THE PROBLEM =
Every line of the material is to be returned verbatim. Pictures stay out.

GIVEN INFORMATION =
--------------------------------------------------
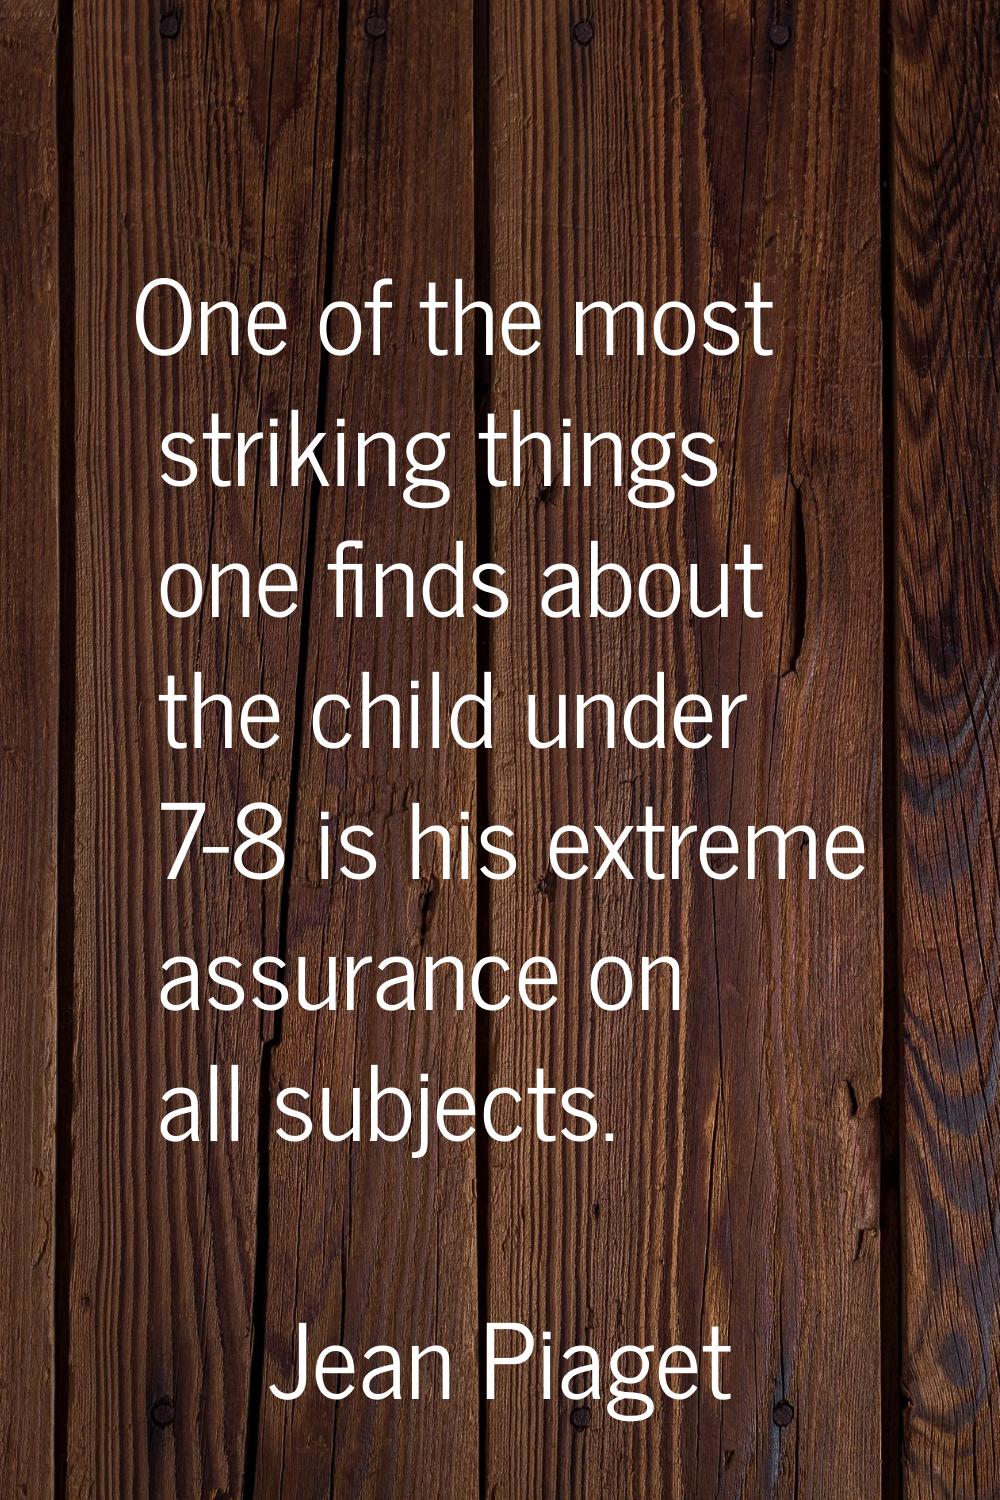 One of the most striking things one finds about the child under 7-8 is his extreme assurance on all
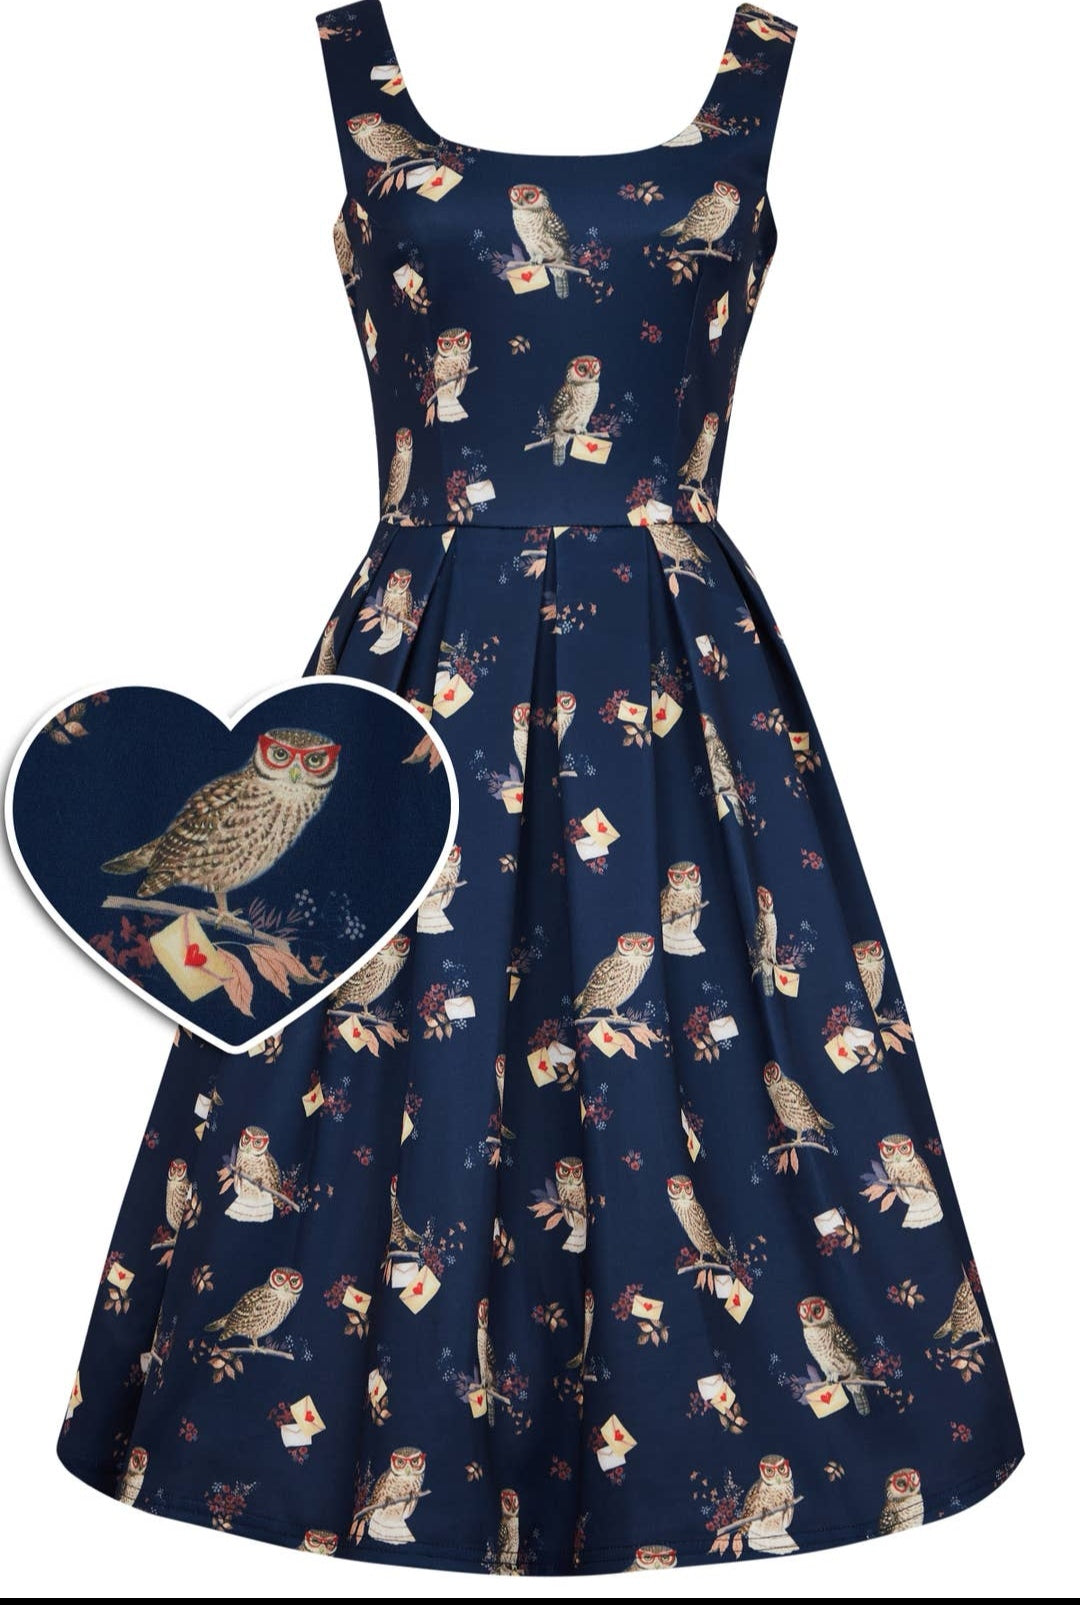 dolly and dotty amanda owl dress new for 2023 uk post included £64.95 size 8,12,26
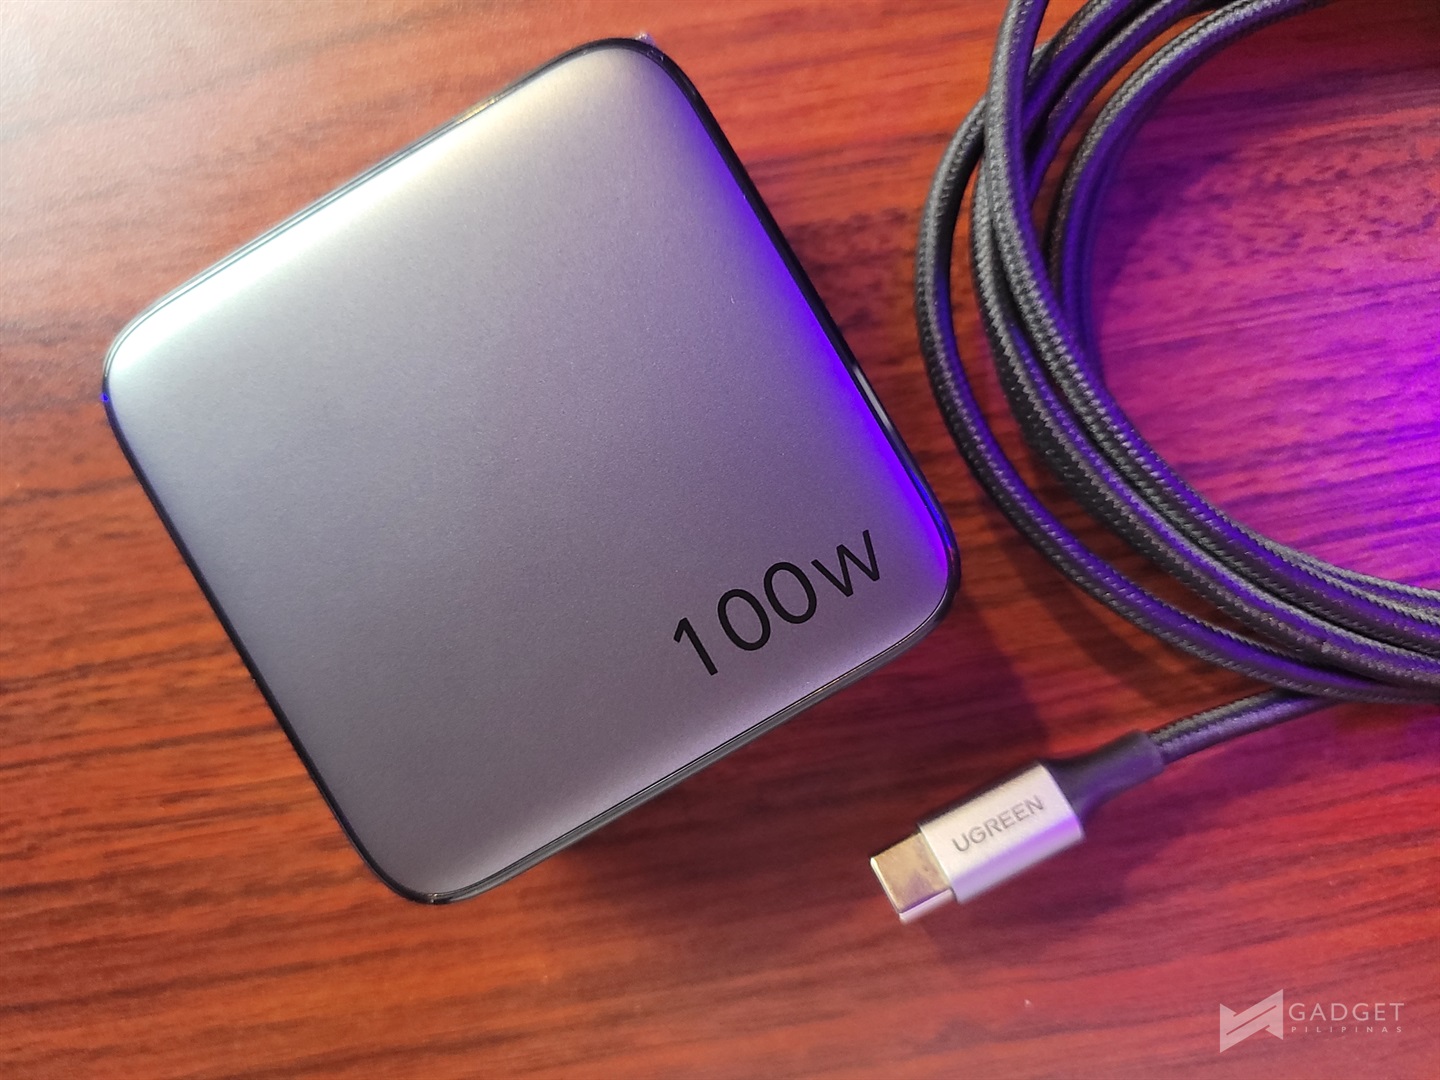 Quick Bytes: UGREEN 100W may just be your best charger “budol” this 11.11
--------------------------------------------------
RESPONSE TO THE TASK =
 One of the most striking things one finds about the child under 7-8 is his extreme assurance on all
 dolly and dotty amanda owl dress new for 2023 uk post included £64.95 size 8,12,26
 Quick Bytes: UGREEN 100W may just be your best charger “budol” this 11.11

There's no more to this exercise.